Roadmap
There are a number of features planned for the app. Smaller changes in the near future may include:
- Continued performance optimisations, especially for large projects and extended use of the app
- User settings (light/dark theme control, column number and size, etc.)
- Exporting CSV data for matches
- UI improvements (e.g. resizeable sidebar)

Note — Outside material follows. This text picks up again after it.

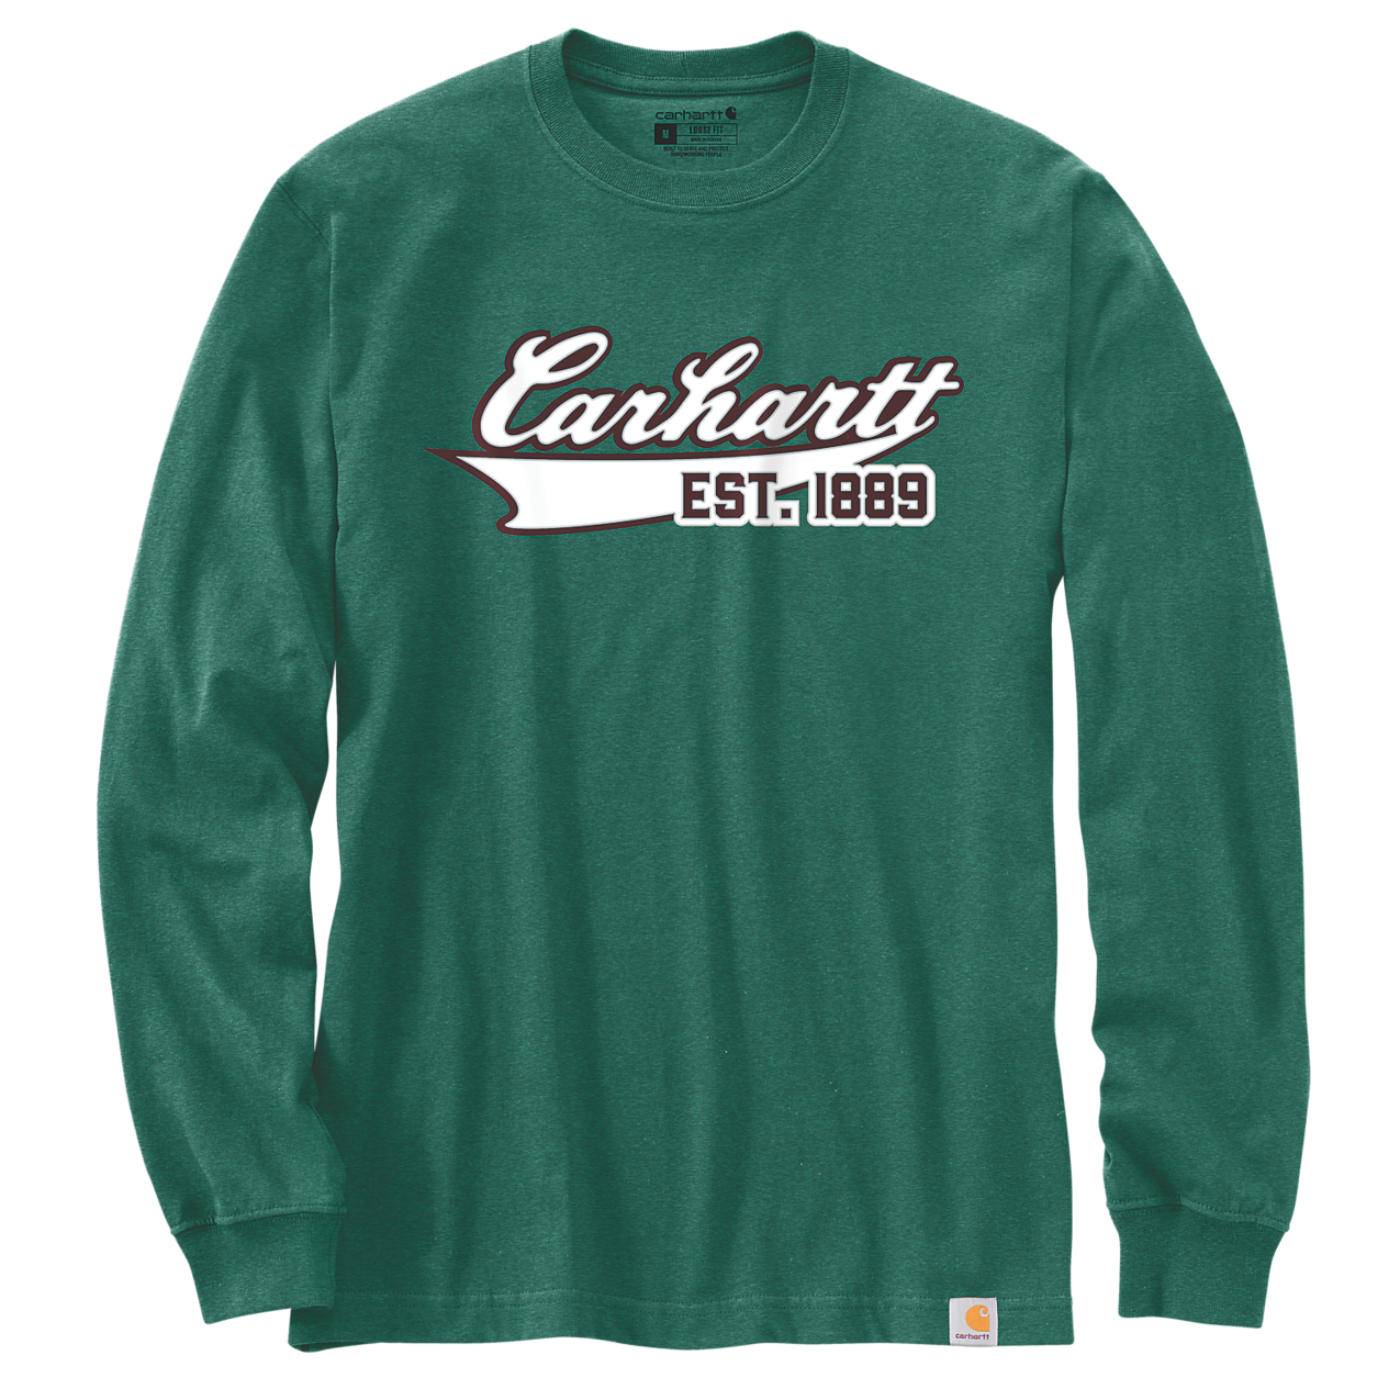 Script Graphic Carhartt Sweater

- Multi-platform automated end-to-end test coverage
- Adding additional images to projects after creation
- Keyboard shortcuts
- Accessibility improvements
Some of the potential longer-term features are detailed below:
Improved image editing
Currently the app uses a library for editing photos, however there are some limitations with this. The current plan is to build a custom photo editor with the following changes:
- Edits made to photos (brightness, cropping, drawings, etc.) will be saved as properties in the
data.json
file instead of copying the photo file and manipulating it directly, which will save disk space especially for large projects - Temporary filters can be applied to the photos which can help identify marks, similar to some photo editing software
Edit properties would be applied only to thumbnail and export generations, leaving the original images unmodified. For example, image data may look like (in the edits
property):
{
"directory": "/foo/bar",
"name": "image_1.JPG",
"thumbnail": ".thumbnails/image_1.JPG",
"edits": {
"brightness": 50,
"contrast": 50,
"crop": {
"x": 200,
"y": 500,
// Or coordinates from and to
"width": 1200,
"height": 1000
},
"shapes": [
// ...
]
}
}
Data thumbnails
Instead of saving thumbnails to .thumbnails/
, they would be stored as base64 strings in data.json
. The main issue with this is that there is a size limit in local storage which is currently used by the app, so this would need to be removed or reconfigured.

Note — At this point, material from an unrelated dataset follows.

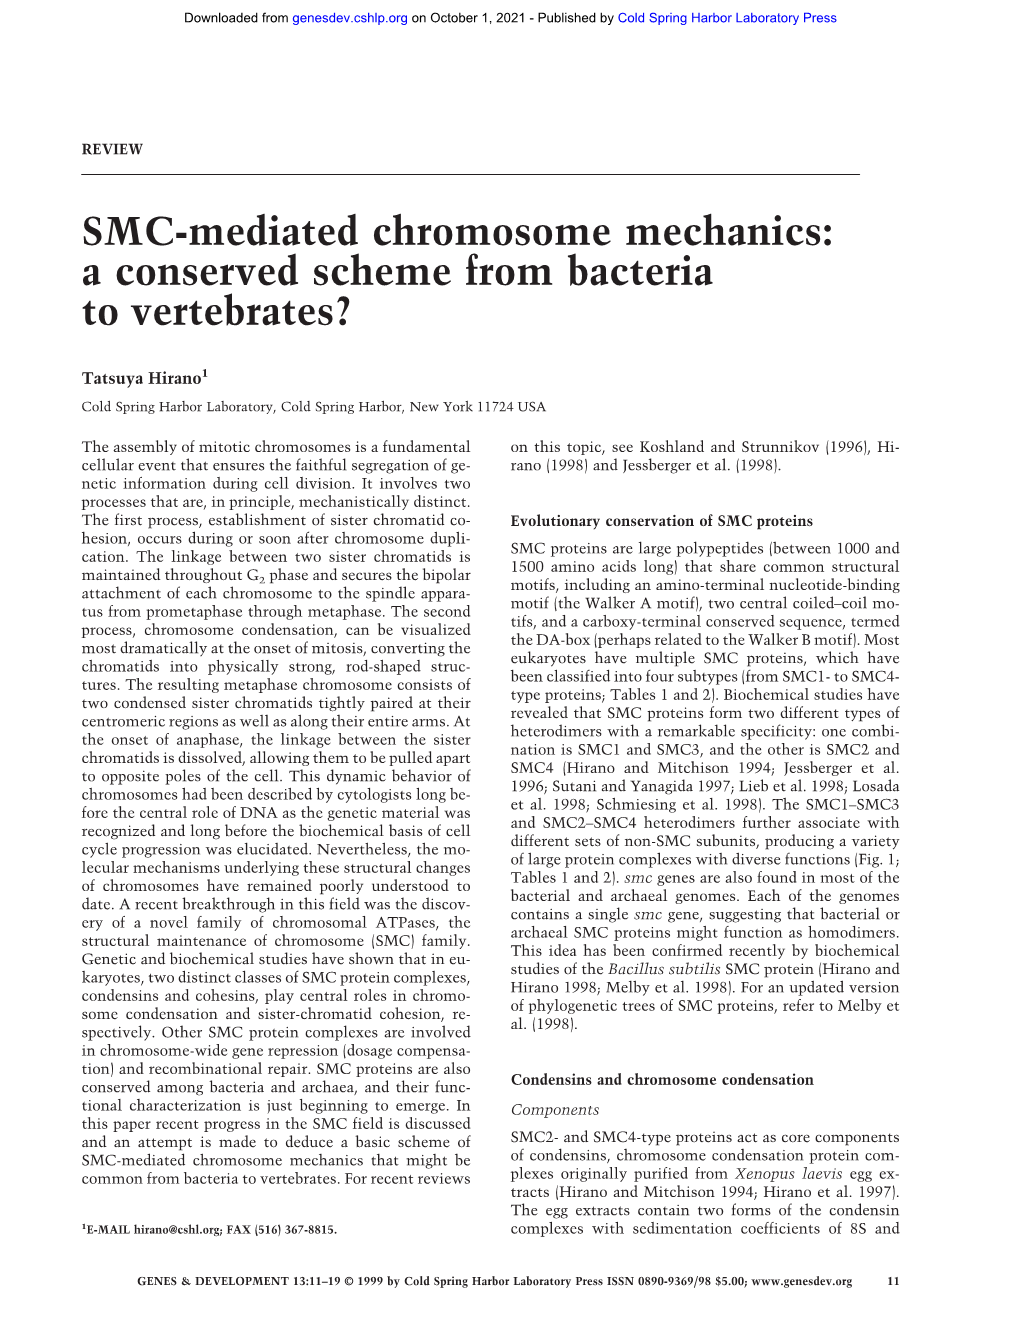 SMC-Mediated Chromosome Mechanics: a Conserved Scheme from Bacteria to Vertebrates?

Machine learning integration
The ability match a photograph against a machine learning model would greatly help with the efficiency of matching photographs1. The general idea would be to send a request to an API with the photo(s) which would query the model and return potential matches and its confidence for each. It would not match any photos automatically, instead only give suggestions on its confidence which the user could then action if necessary.
API contracts would be provided and an endpoint and secret key could be entered into the app preference to enable this integration.